[Intel-gfx] [PATCH 8/8] drm/i915: NULL check of unpin_work

Tue Oct 13 04:51:47 PDT 2015

On Fri, Oct 09, 2015 at 01:06:24PM +0100, Tomas Elf wrote:
> On 09/10/2015 11:44, Chris Wilson wrote:
> >On Fri, Oct 09, 2015 at 11:30:34AM +0100, Tomas Elf wrote:
> >>On 09/10/2015 08:46, Chris Wilson wrote:
> >>>On Thu, Oct 08, 2015 at 07:31:40PM +0100, Tomas Elf wrote:
> >>>>Avoid NULL pointer exceptions in the display driver for certain critical cases
> >>>>when unpin_work has turned out to be NULL.
> >>>
> >>>Nope, the machine reached a point where it cannot possibly reach, we
> >>>want the OOPS.
> >>>-Chris
> >>>
> >>
> >>Really? Because if I have this in there I can actually run the
> >>long-duration stability tests for 12+ hours rather than just a few
> >>hours (it doesn't happen all the time but I've seen it at least
> >>once). But, hey, if you want to investigate the reason why we have a
> >>NULL there then go ahead. I guess I'll just have to carry this patch
> >>for as long as my machine crashes during my TDR testing.
> >
> >You've sat on a critical bug for how long? There's been one recent
> >report that appears to be fallout from Tvrtko's context cleanup, but
> >nothing older, in public at least.
> >-Chris
> >
> 
> Do people typically try to actively hang their machines several times a
> minute for a 12+ hours at a time? If not then maybe that's why they haven't
> seen this.

The problem is that the world loves to conspire against races like these,
and somewhere out there is a machine which hits this ridiculously
reliably. And if this is a machine sitting on an OEM's product engineer
bench we've just lost a sale ;-)

Just because you can't repro if fast doesn't mean that your reproduction
rate is the lower limit.

> I haven't sat on anything, this has been part of my error state capture
> improvement patches which I've intended to upstream for several months now.
> I consider this part of the overall stability issue and grouped it together
> with all the other patches necessary to make the machine not crash for the
> duration of my test. I would've upstreamed this series a long time ago if I
> had actually been given time to work on it but that's another discussion.

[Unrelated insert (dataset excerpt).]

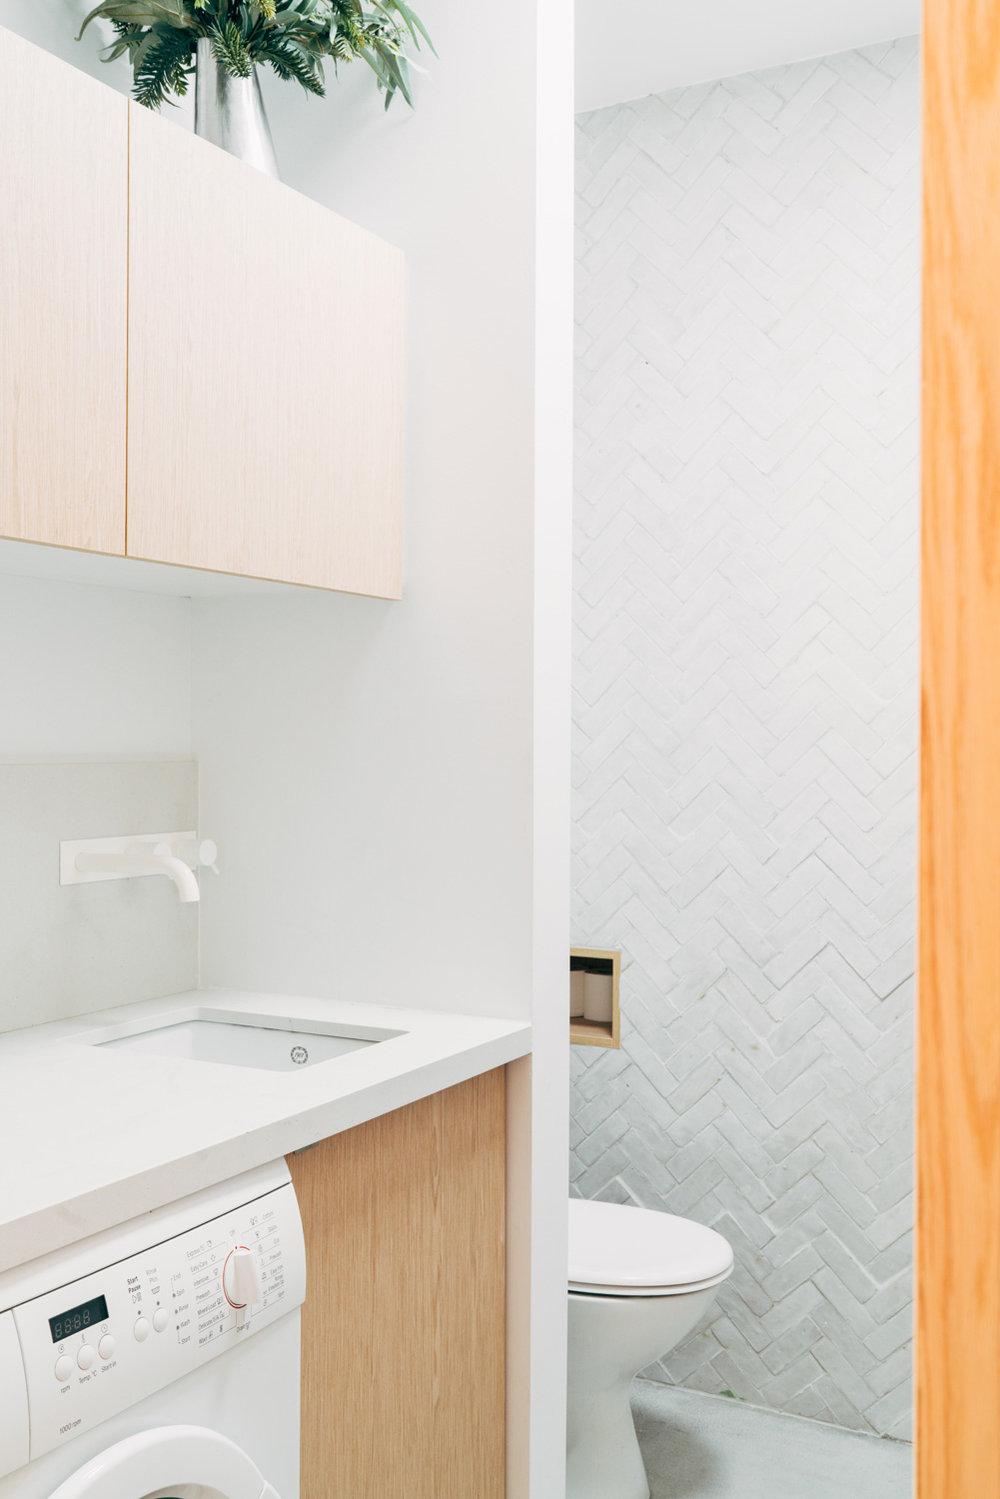 Tilesofezra BEJMAT Igloo feature wall moroccan tile B GABBE Interior design.jpg

I guess Chris' reaction is because we've had tons of cases where bugfixes
like this where stuck in android trees because they where tied up with
some feature work. But I also know it's really hard to spot them, so in
casee of doubt please upstream small fixes aggressively.

Since this one here is outside of the error capture itself, and so code
where our existing assumption that error capture only runs when the driver
is dead since seconds is invalid, it's a prime candidate.
-Daniel
-- 
Daniel Vetter
Software Engineer, Intel Corporation
http://blog.ffwll.ch